« La prostitution » par l’efFRONTé Lucas Gomez

prostitution

La France a réaffirmé, en 2011, une position abolitionniste du système prostitueur. Il existe cependant plusieurs législations dans le monde.

Lucas GomezLa position prohibitionniste, la plus répandue, interdit le proxénétisme et fait de la personne prostituée une délinquante. Proxénètes et personnes prostituées sont donc traquées par les autorités et stigmatisées de la même manière, et refusent de déconstruire les raisons structurelles qui rendent les femmes victimes de cette violence.

La position réglementariste, en vigueur aux Pays-­‐Bas ou en Allemagne, prétend légaliser la prostitution et en fait un métier comme un autre. Ainsi, nous pouvons voir proposés, dans certains lieux, des menus avec “Un repas, une chambre, une prostituée”, ces dernières devenant des objets de consommation assumés comme tels.

La position abolitionniste, ou néo-­abolitionniste menée en Islande, en Norvège ou en Suède, considère que la prostitution n’est pas compatible avec la dignité humaine, combat le proxénétisme, pénalise les clients en interdisant l’achat de tout acte sexuel, mais ne se retourne jamais contre les personnes prostituées. Au contraire, elle met en place un accompagnement destiné à les sortir du réseau proxénète.

 

La prostitution est un bastion puissant de la domination masculine, car toutes les dominations y sont concentrées :

La domination économique avec la marchandisation du corps des femmes qu’on incite à avoir des relations sexuelles non désirées compensées par l’argent. Or comme (selon l’ONU) 99% des richesses mondiales appartiennent à des hommes, le rapport de force est vite vu.

La domination sociale qui pousse les femmes précaires à avoir recours à la prostitution, celle-­‐ci connaissant un regain en temps de crise. A savoir que 80% des travailleurs pauvres en France sont des femmes.
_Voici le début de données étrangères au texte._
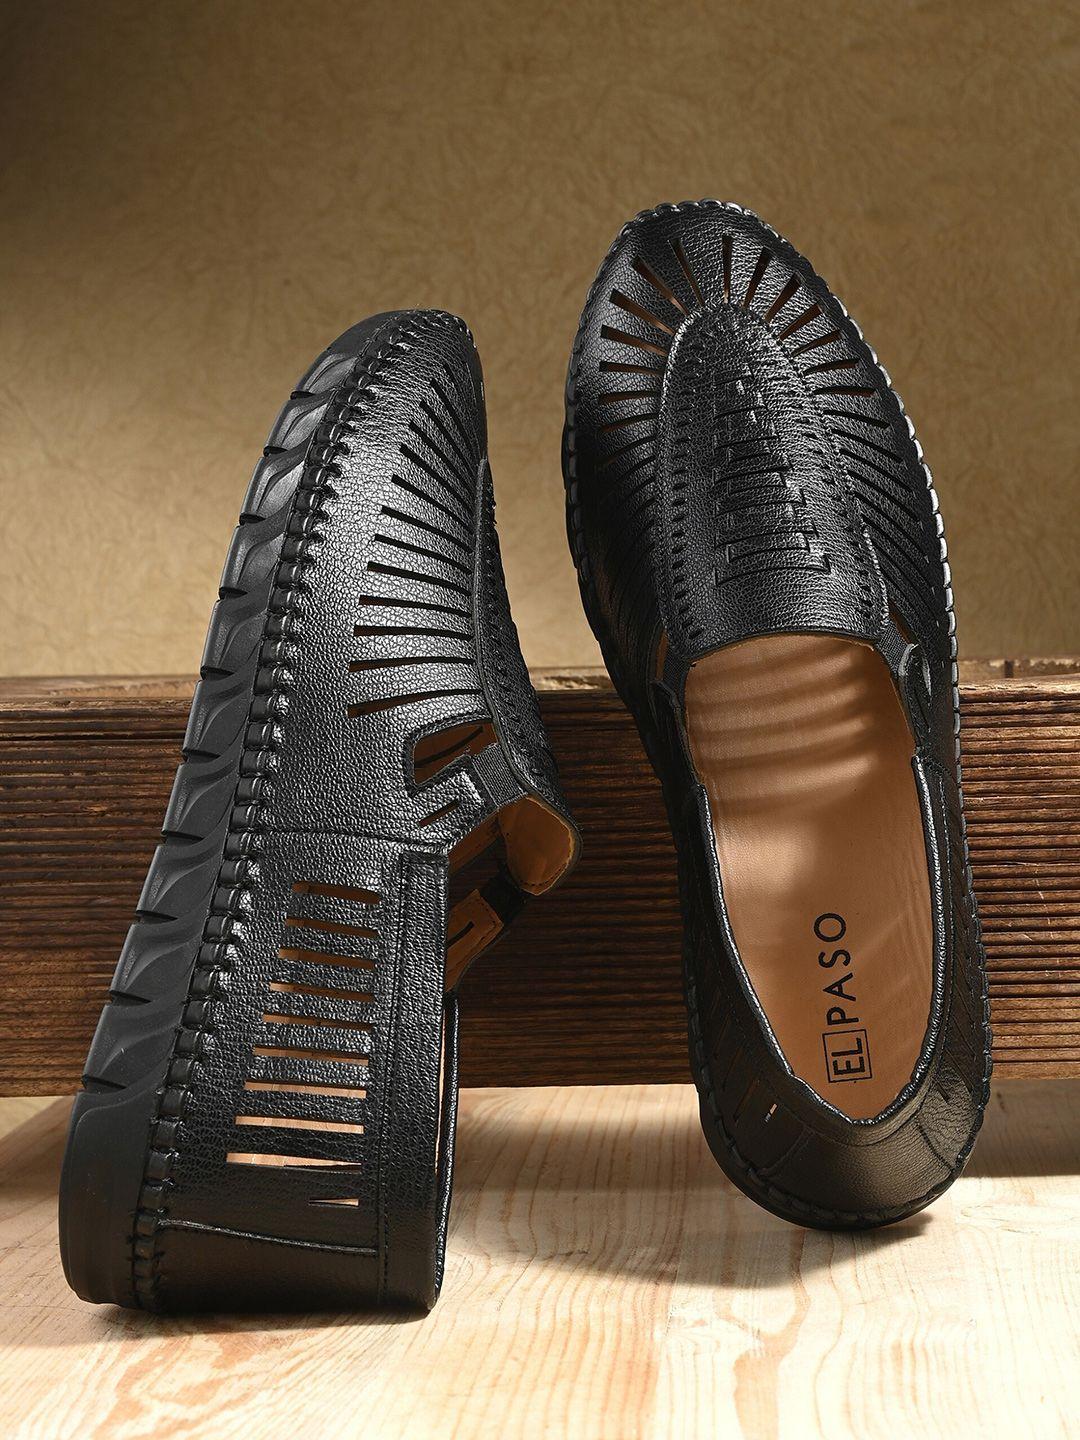 el-paso-men-ethnic-shoe-style-sandals

L’essentialisme qui présente les hommes comme des consommateurs de corps de femmes au vu de leur sexualité irrépressible, tandis que les femmes, sans doute en vertu du Care qui leur serait si naturel, devraient combler ce besoin en mettant leurs corps à leur disposition, de façon consentie ou via un marché.
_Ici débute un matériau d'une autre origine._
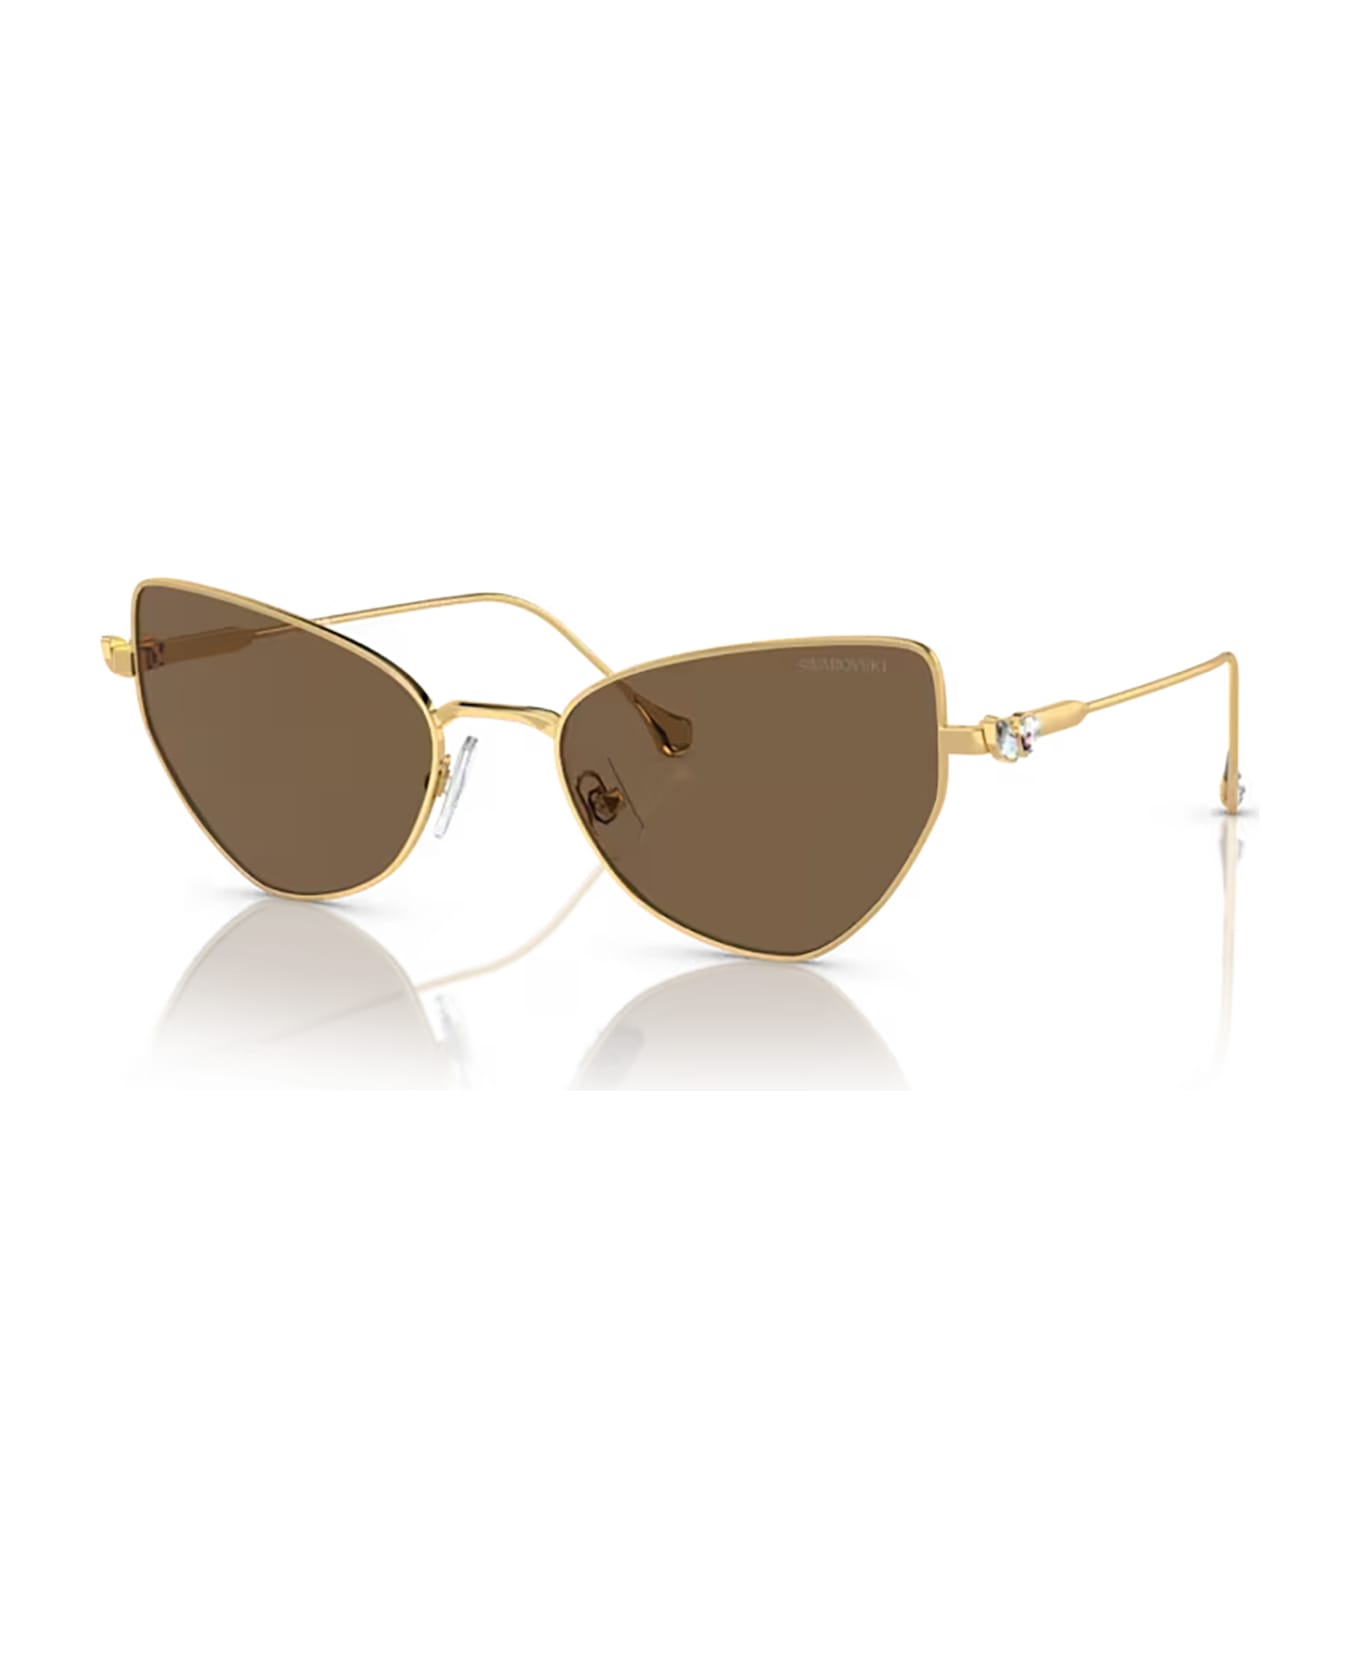 Swarovski Sk7011 Gold Sunglasses - Gold

L’âge moyen d’entrée dans la prostitution est de 14 ans. C’est-­‐à-­‐dire que des femmes y entrent plus âgée… ou plus jeunes !

zéromacho

Campagne de Zéromacho

Les efFRONTé-e-s considèrent qu’on ne peut pas accéder aux corps des femmes par la voix marchande.

Nous sommes pour une société où le désir est réciproque et où le plaisir est partagé ! L’Etat doit mettre en œuvre des politiques publiques et sociales ambitieuses pour combattre le proxénétisme, mener des campagnes de sensibilisation, accompagner les personnes prostituées et instaurer, via l’éducation nationale, une réelle éducation sexuelle dès le plus jeune âge.